*** Given data ***

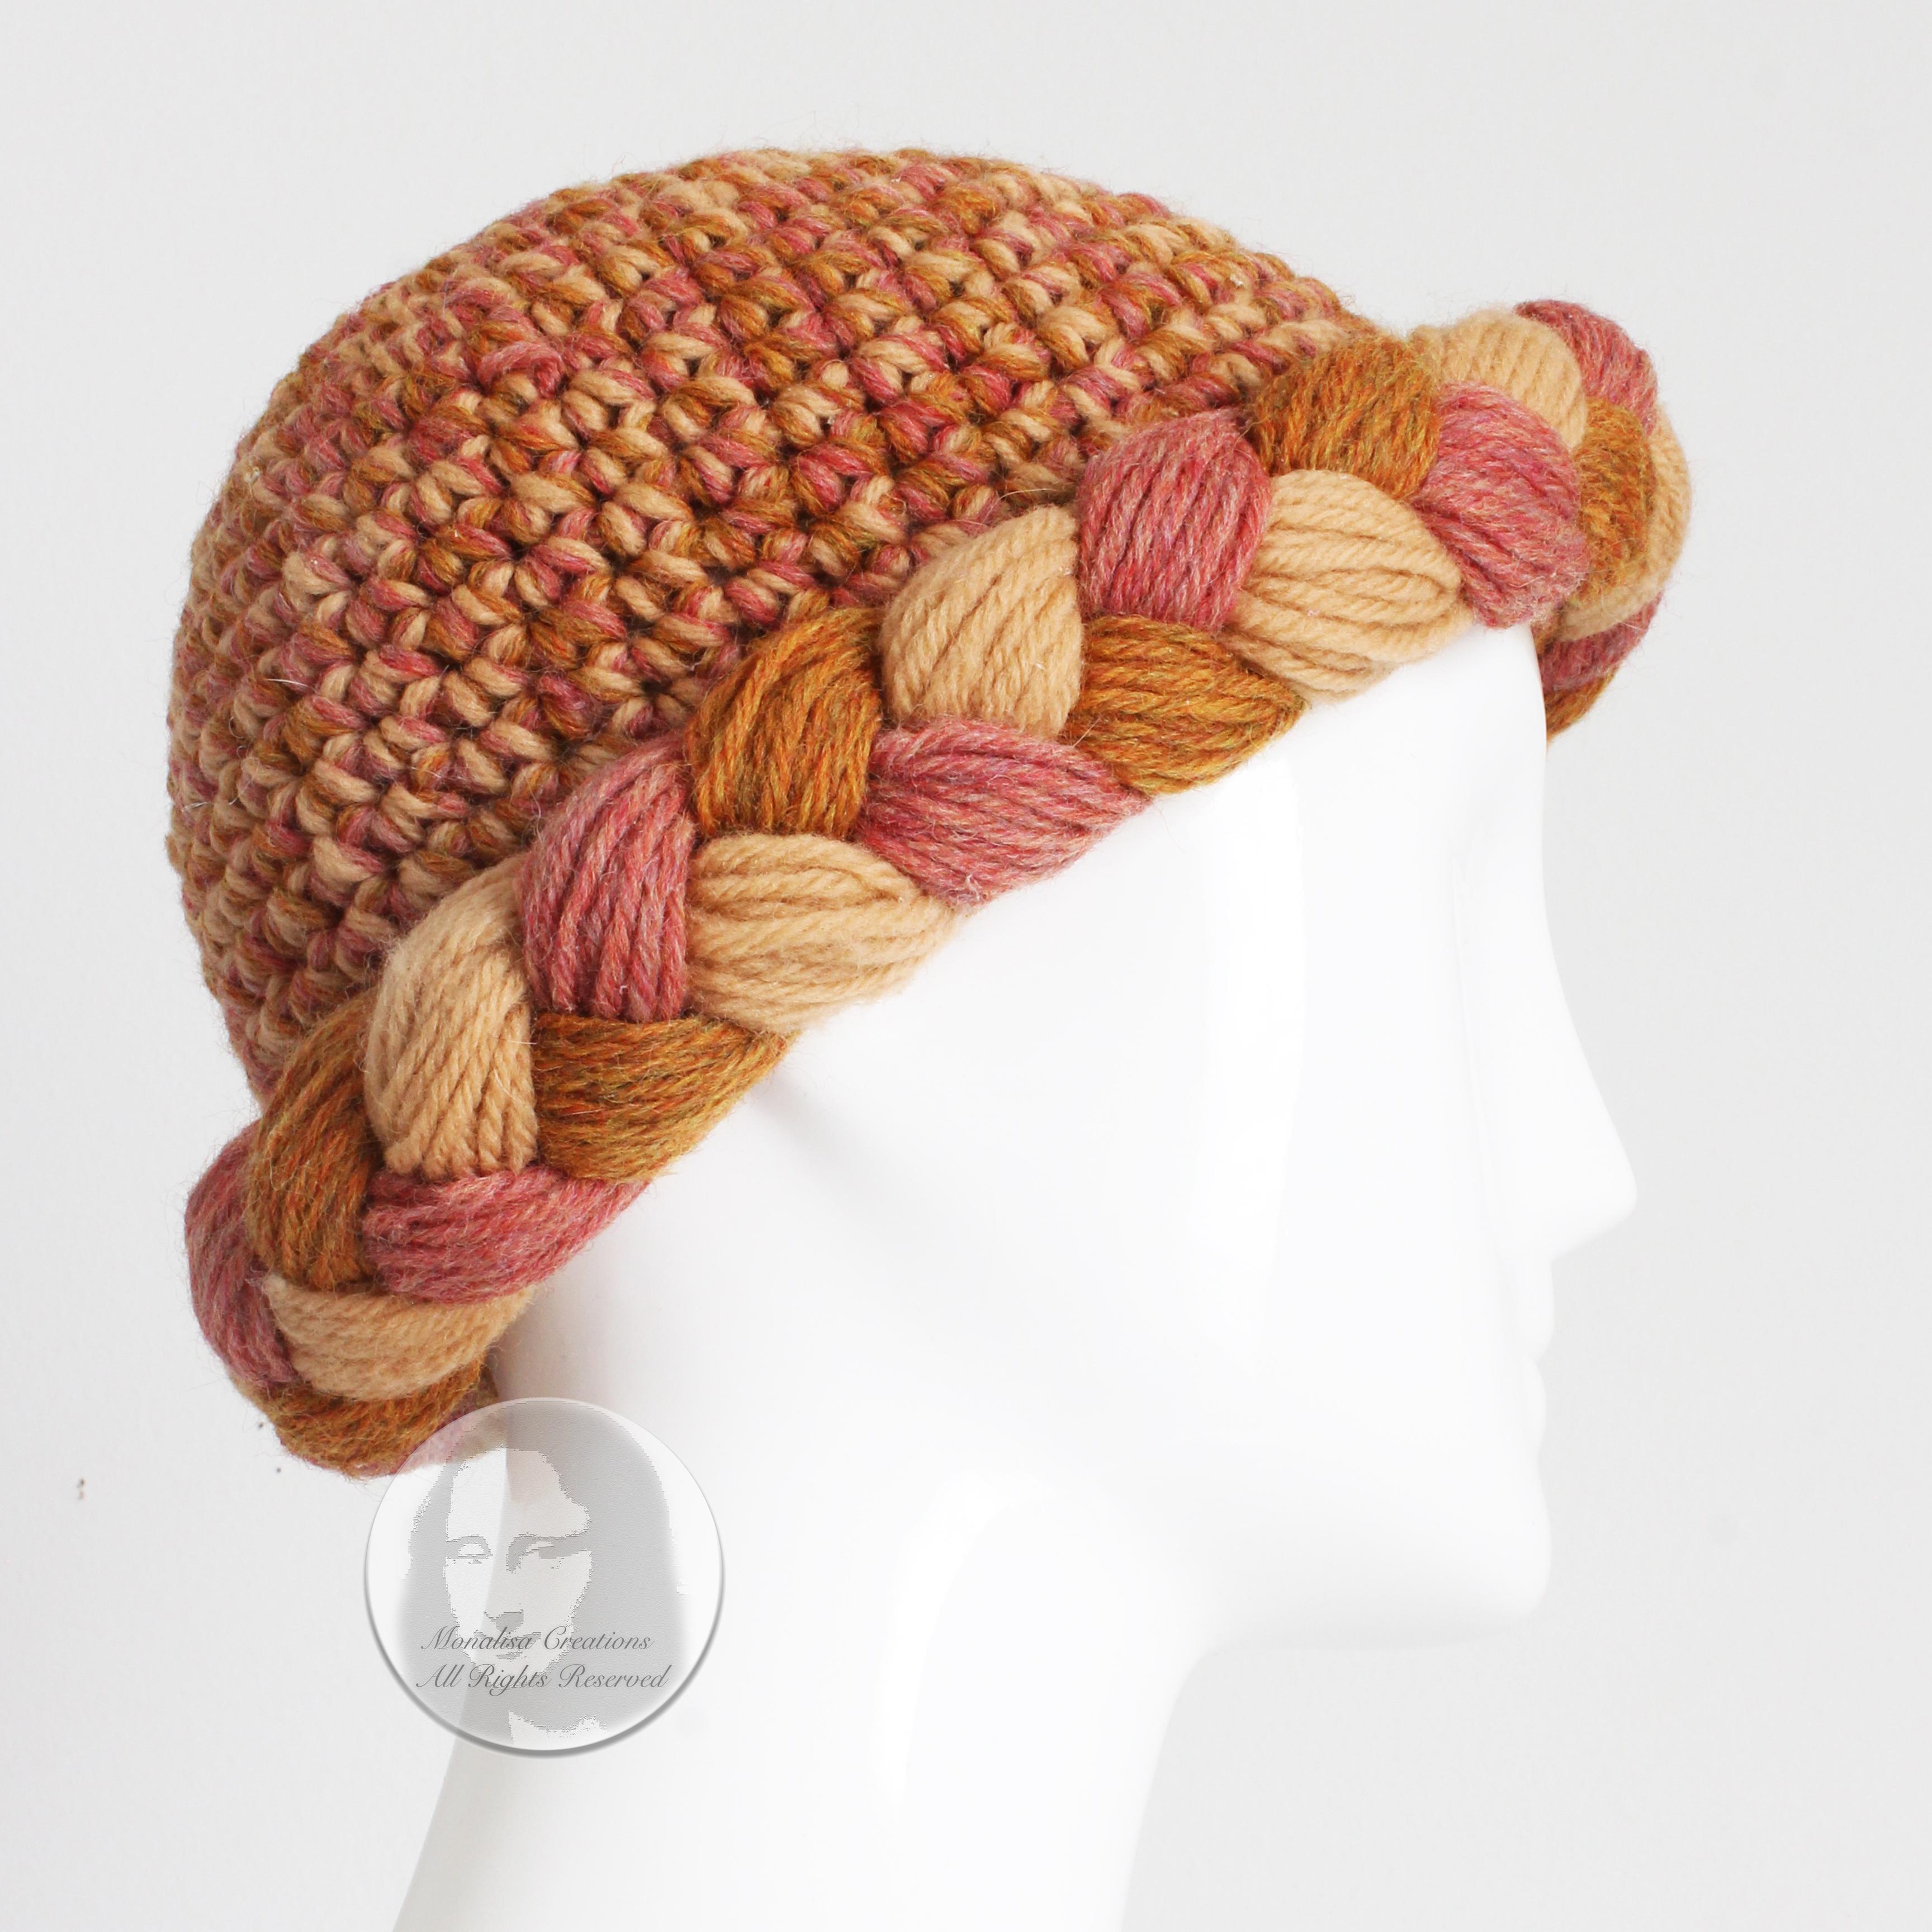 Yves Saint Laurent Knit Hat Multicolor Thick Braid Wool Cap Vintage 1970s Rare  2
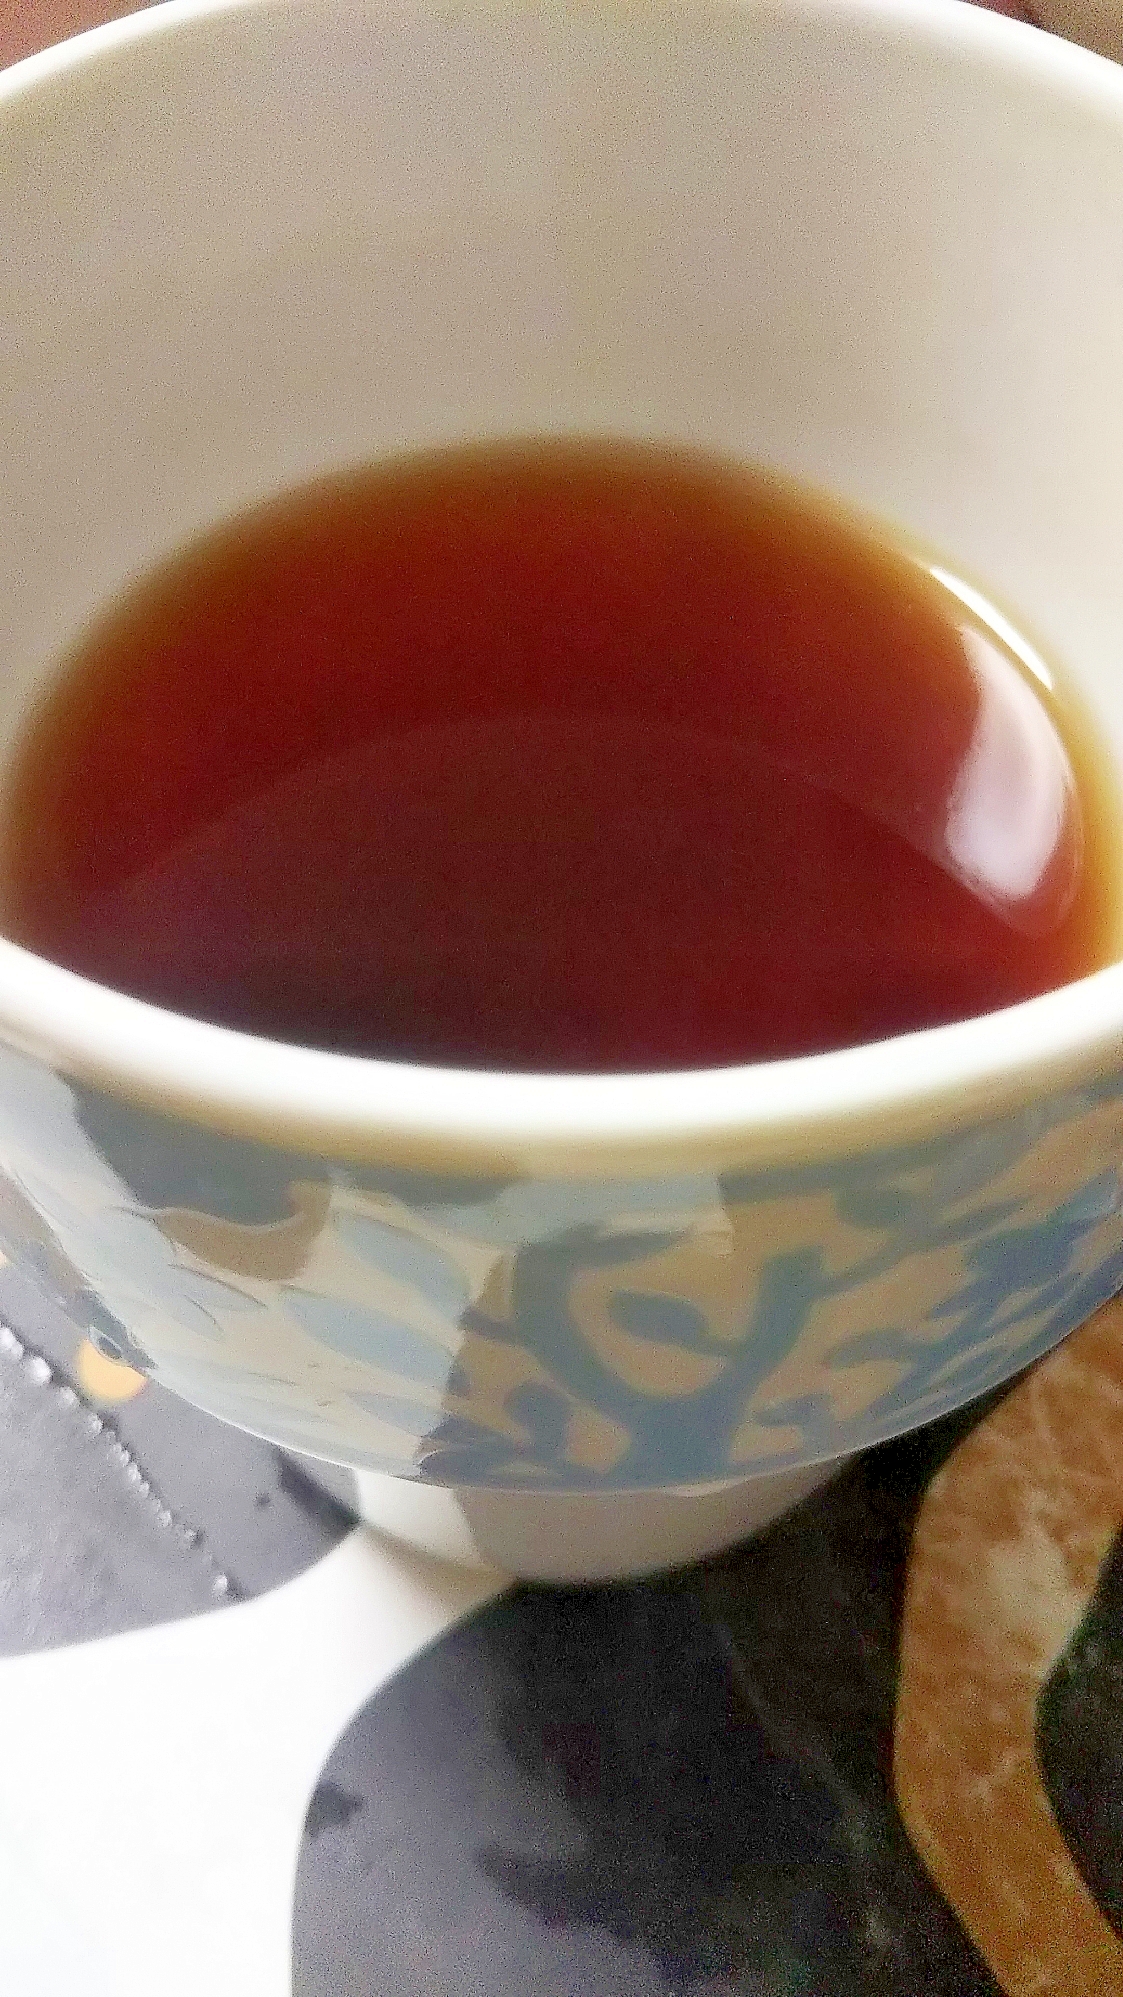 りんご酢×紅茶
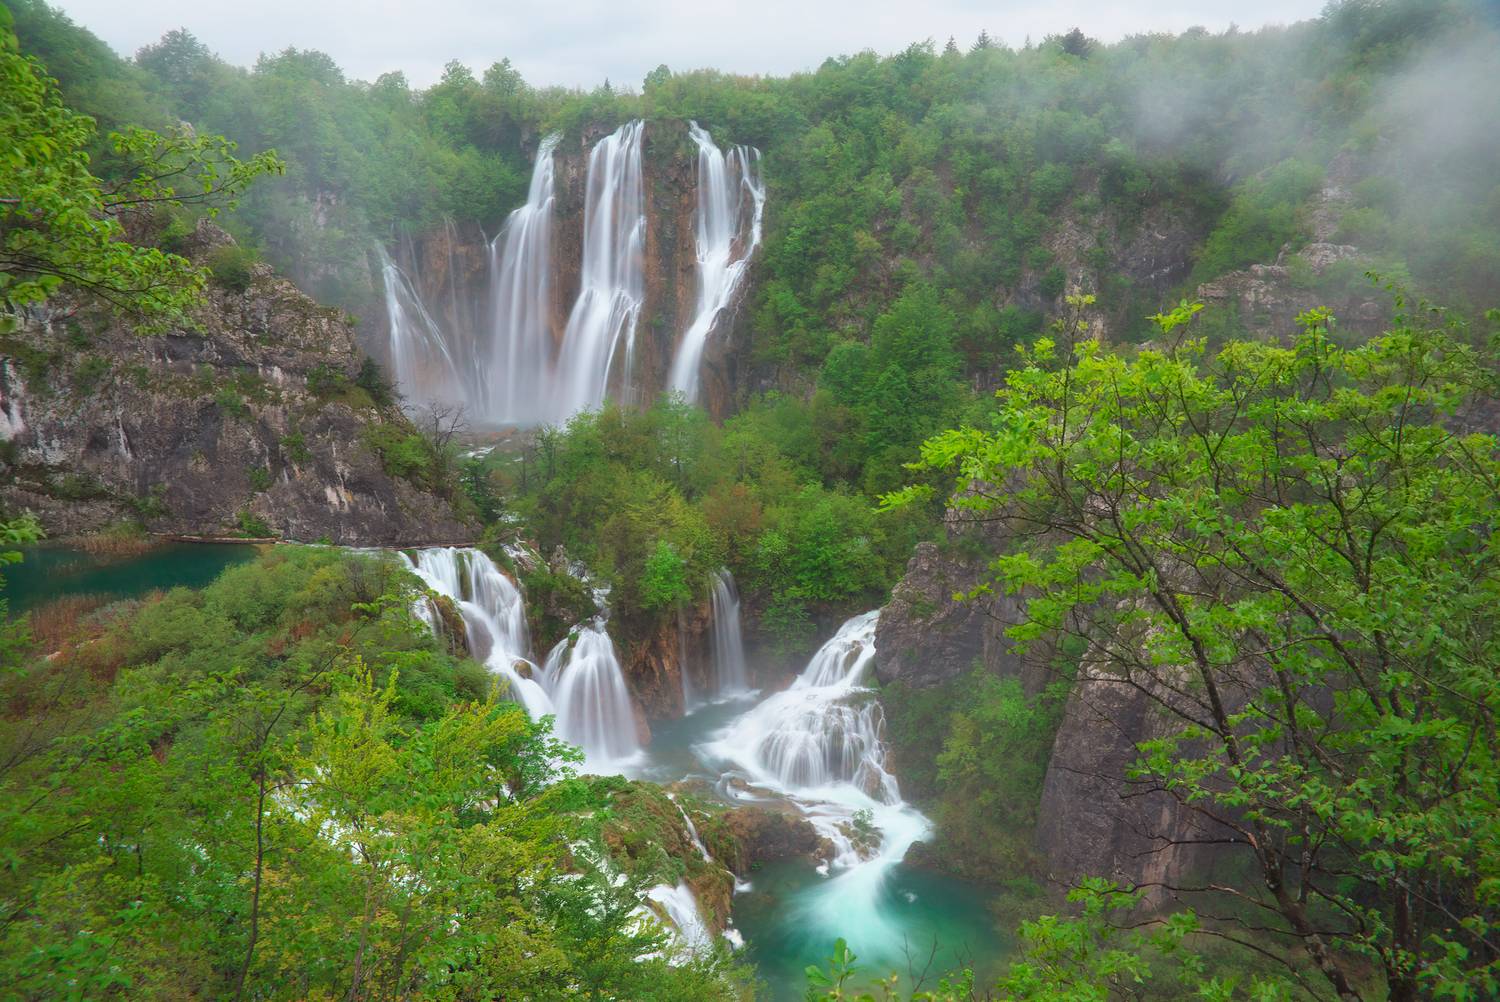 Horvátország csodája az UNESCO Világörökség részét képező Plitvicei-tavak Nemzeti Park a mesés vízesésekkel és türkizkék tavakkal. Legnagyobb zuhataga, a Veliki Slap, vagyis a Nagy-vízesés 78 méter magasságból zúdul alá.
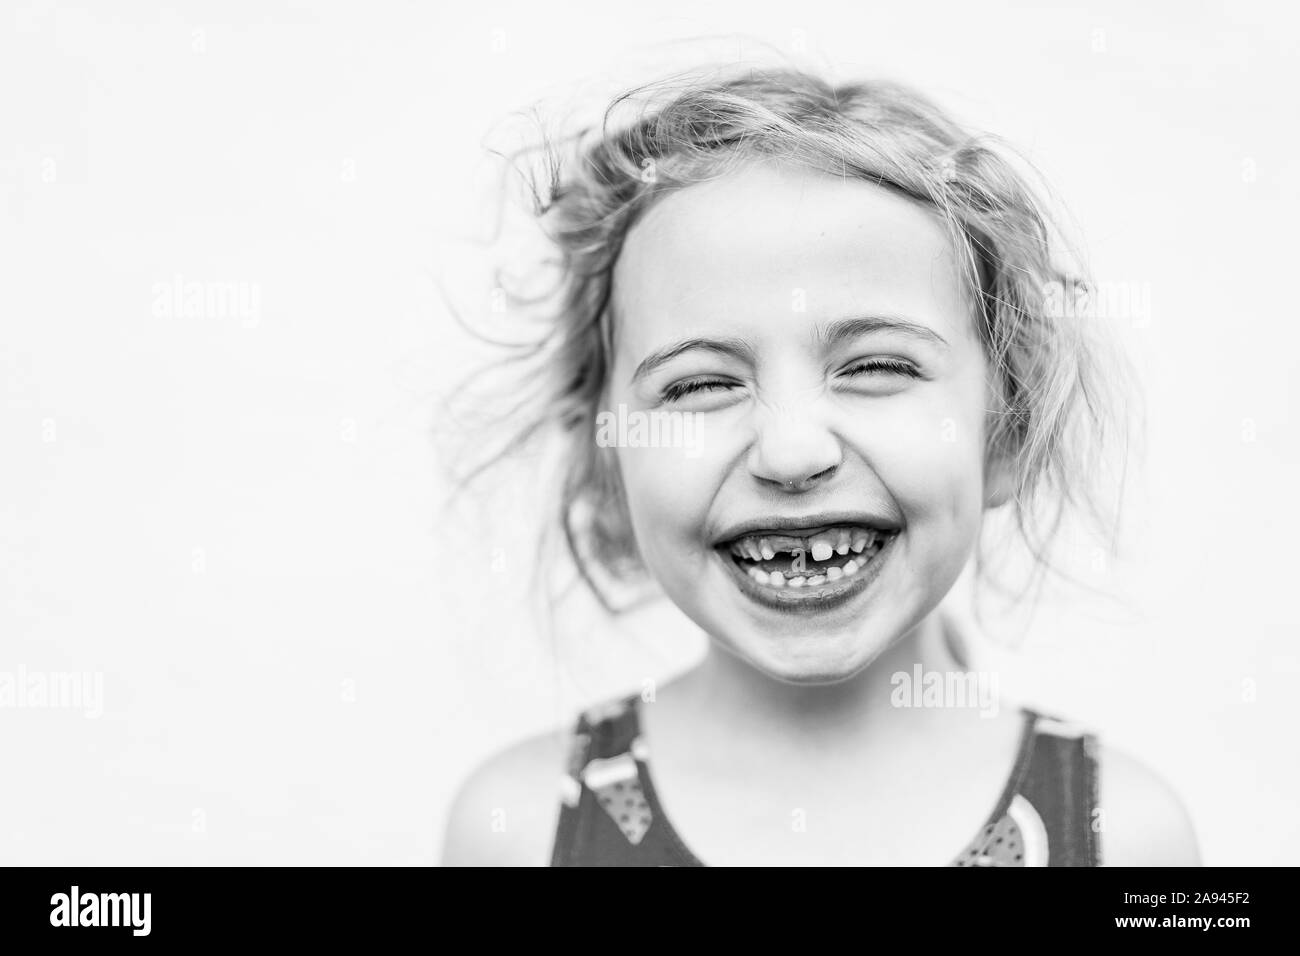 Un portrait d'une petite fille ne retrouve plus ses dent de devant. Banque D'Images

*** End of Given data ***

▸ **Exercise requirements**:
Transcribe only the lines between the line containing "Horvátország csodája az" and the final line of the listing, inclusive, exactly as they appear; no pictures are to be included.

▸ **Exercise output**:
 Horvátország csodája az UNESCO Világörökség részét képező Plitvicei-tavak Nemzeti Park a mesés vízesésekkel és türkizkék tavakkal. Legnagyobb zuhataga, a Veliki Slap, vagyis a Nagy-vízesés 78 méter magasságból zúdul alá.
 Un portrait d'une petite fille ne retrouve plus ses dent de devant. Banque D'Images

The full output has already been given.